Historically, mitochondria have been only considered the centers of energy production in the cell. However, besides driving respiration and ATP production, mitochondria are central regulators of many other cellular functions, which include cell death, cell differentiation, signaling, and anabolism, among others. In keeping with this, alterations in mitochondrial biology are bound to have a major impact on disease. Mitochondrial alterations and dysfunction have been implicated in inherited mitochondrial diseases, neurodegenerative and metabolic diseases such as type 2 diabetes (T2D) and vascular disease, aging, and cancer. Hence, mitochondria have emerged as powerful pharmacological targets in the treatment of many human diseases.

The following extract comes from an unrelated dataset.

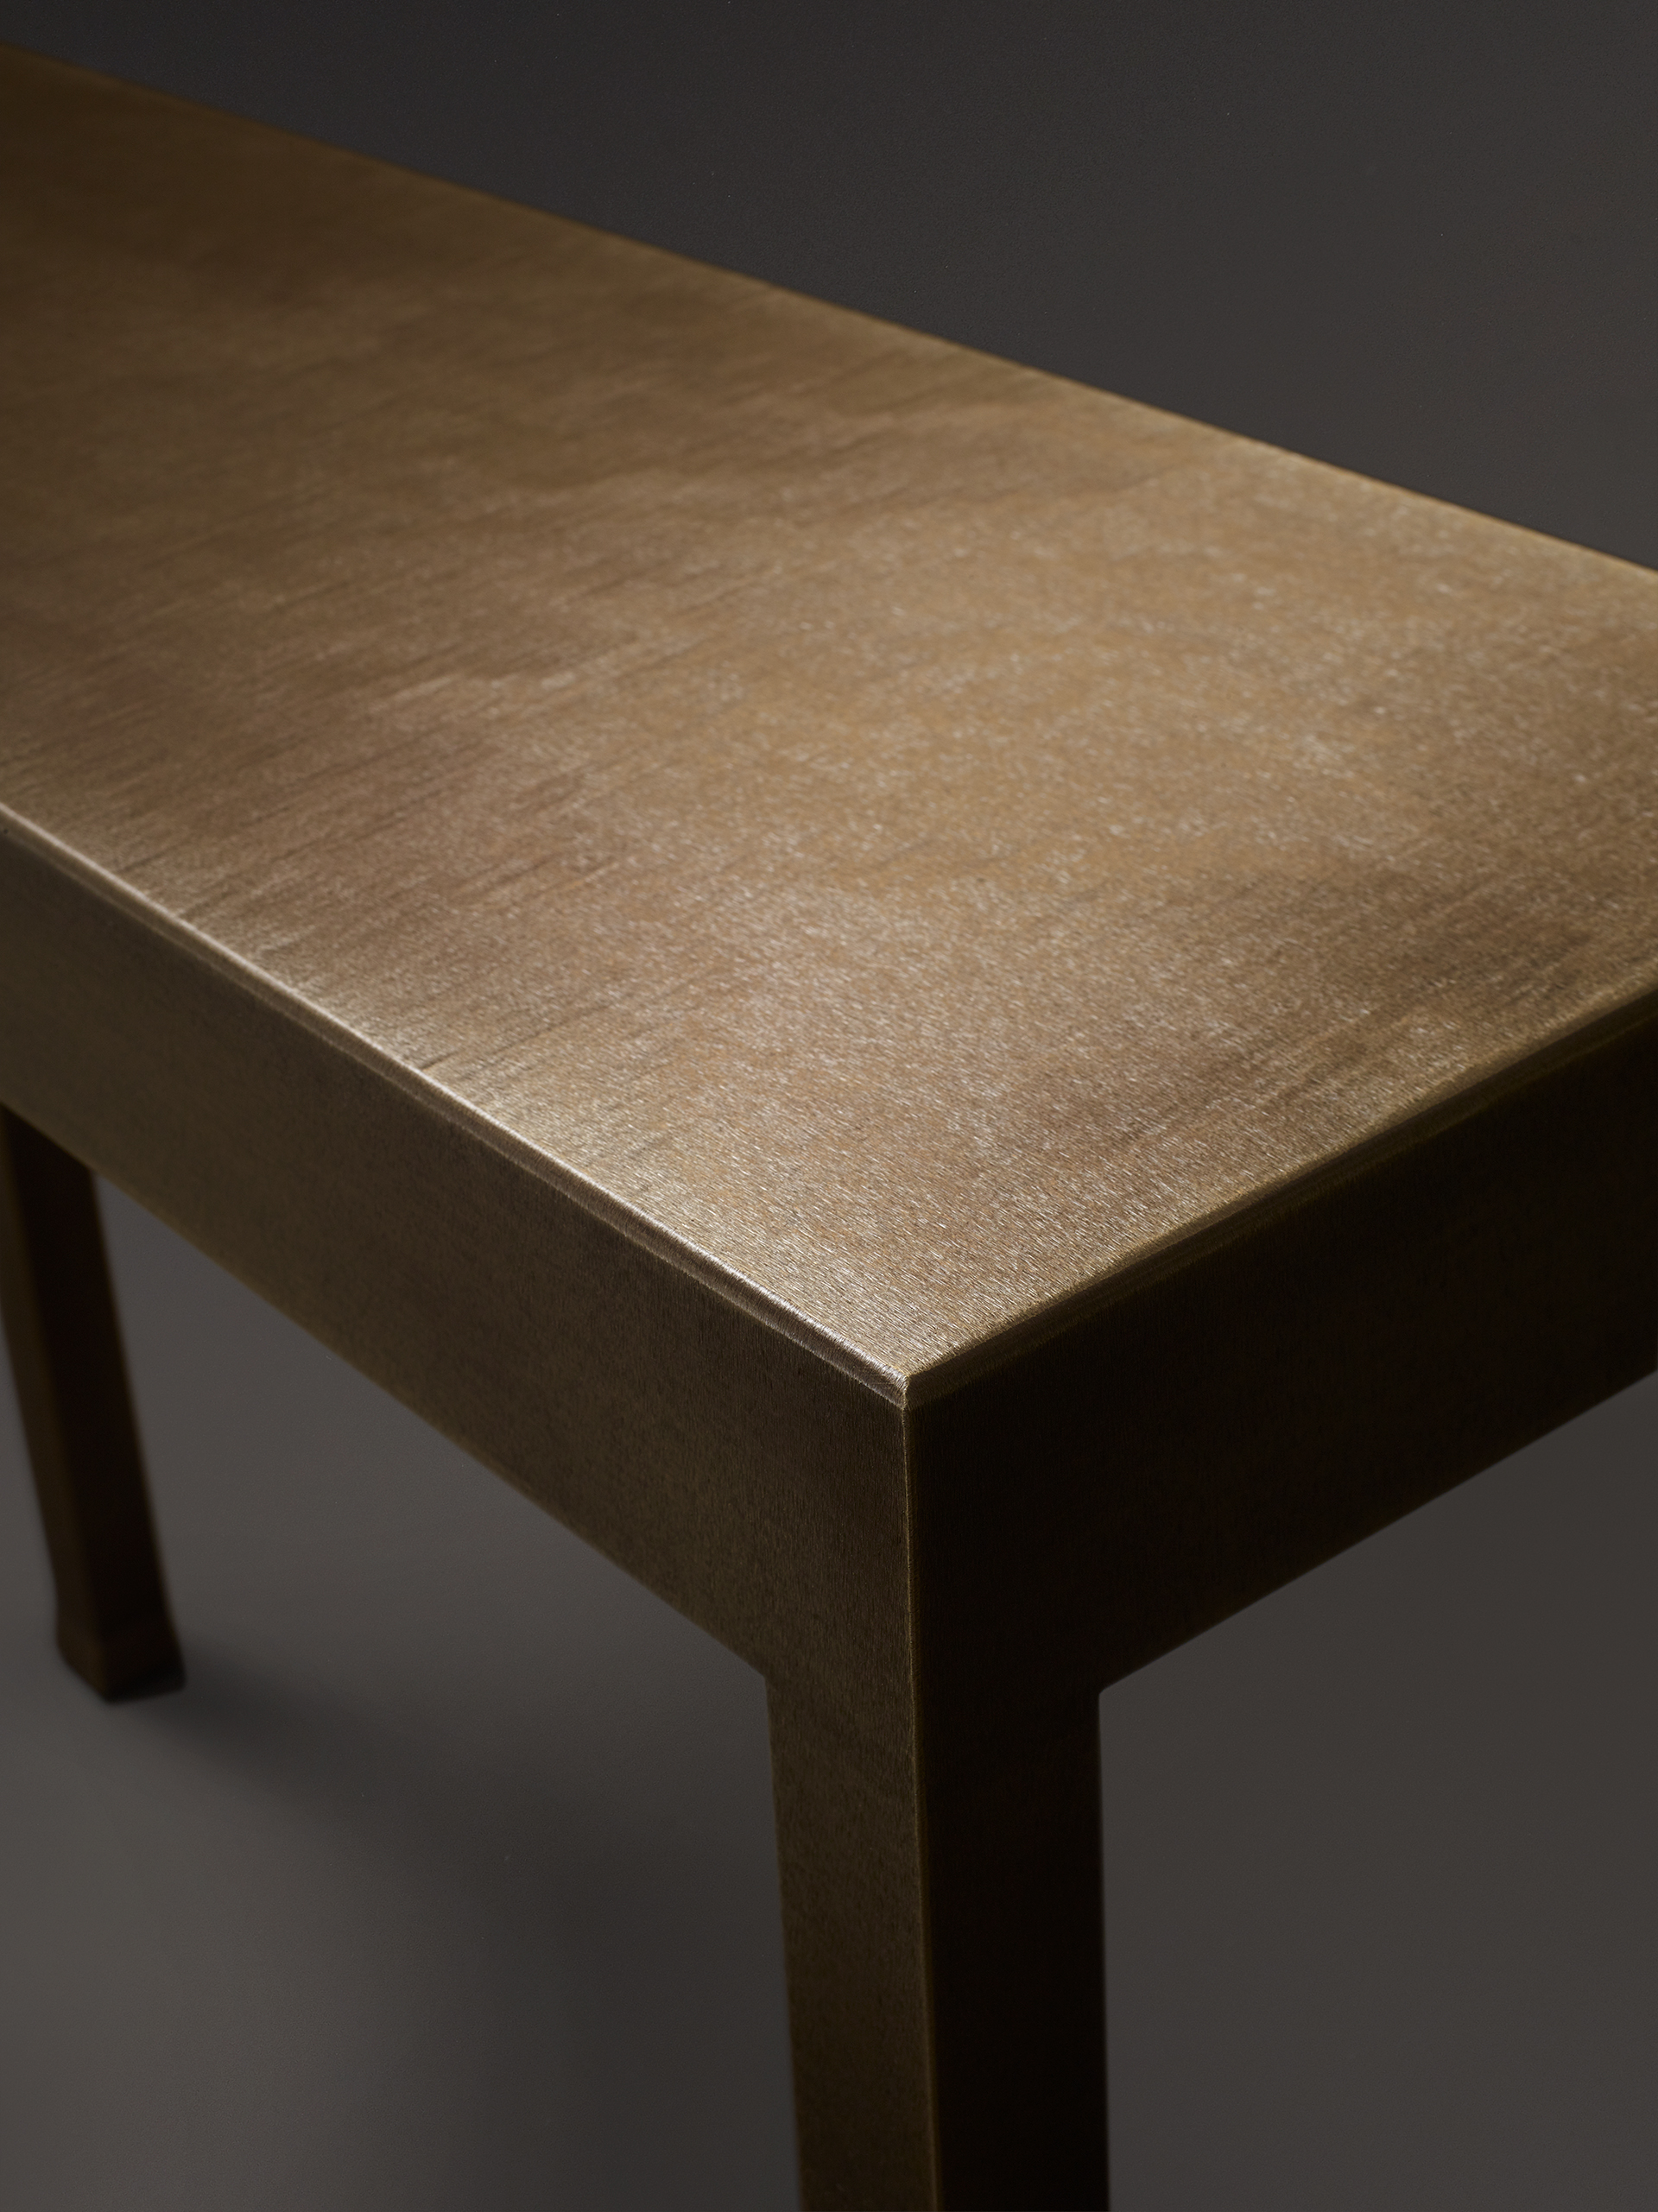 Detail of Gong, a bronze console from Promemoria's catalogue | Promemoria

Mitochondria can also be considered integrator hubs connecting different cellular signals to the generation of an appropriate response to maintain cell homeostasis. However, although many advances have been done in the last years in the understanding of the involvement of mitochondria in different cellular processes, less is known about the molecular mechanisms involved in the integration of external cues and signals and generation of mitochondrial responses (mitochondrial signaling). The goal of our research is to study and identify molecular pathways involved in mitochondrial signaling, quality, and function, and its involvement in the development of complex diseases, with special emphasis on metabolic diseases and age-related pathologies. These studies will contribute to a broader understanding of how mitochondrial dysfunction is connected to disease and will potentially provide the rationale to target mitochondrial fitness to develop new therapeutic and pharmacological approaches to treat age-related diseases. Specifically, using both in vitro cell cultured models and in vivo genetically modified mice, our research is focused on whether alterations in mitochondrial signaling and quality are a key event in the loss of cell and tissue homeostasis and the development of disease.

Mitochondrial health and development of metabolic diseases and aging

Mitochondria are essential organelles that require continuous surveillance mechanisms to maintain their functional integrity. In this regard, mitophagy and mitochondrial dynamics serve as major quality control mechanisms to preserve mitochondrial fitness. Our laboratory is interested in the study of mitochondrial signaling pathways that could have a role in maintenance of mitochondrial health and their connection with metabolic disease and age-related pathologies, such as age-related sarcopenia. 

Mitochondrial signaling and plasticity in metabolic adaptation

Metabolic adaptation to external cues is a key process in the maintenance of cellular homeostasis. Although mitochondria play an essential role in metabolism, their precise role in the metabolic adaptation has only started to be elucidated. We aim to elucidate mitochondrial signaling pathways which could be inovolved in the regulation of metabolic adapation to different physiological and pathological contexts, and their role in disease.

Mitochondrial boosters as therapy for age-related diseases

Mitochondrial dysfunction is a hallmark of several age-related diseases. By using high-throughput and phenotypic screenings, our laboratory is interested in the finding of new small molecules promoting mitochondrial function and fitness for the treatment of metabolic diseases and/or other diseases characterized by mitochondrial  alterations.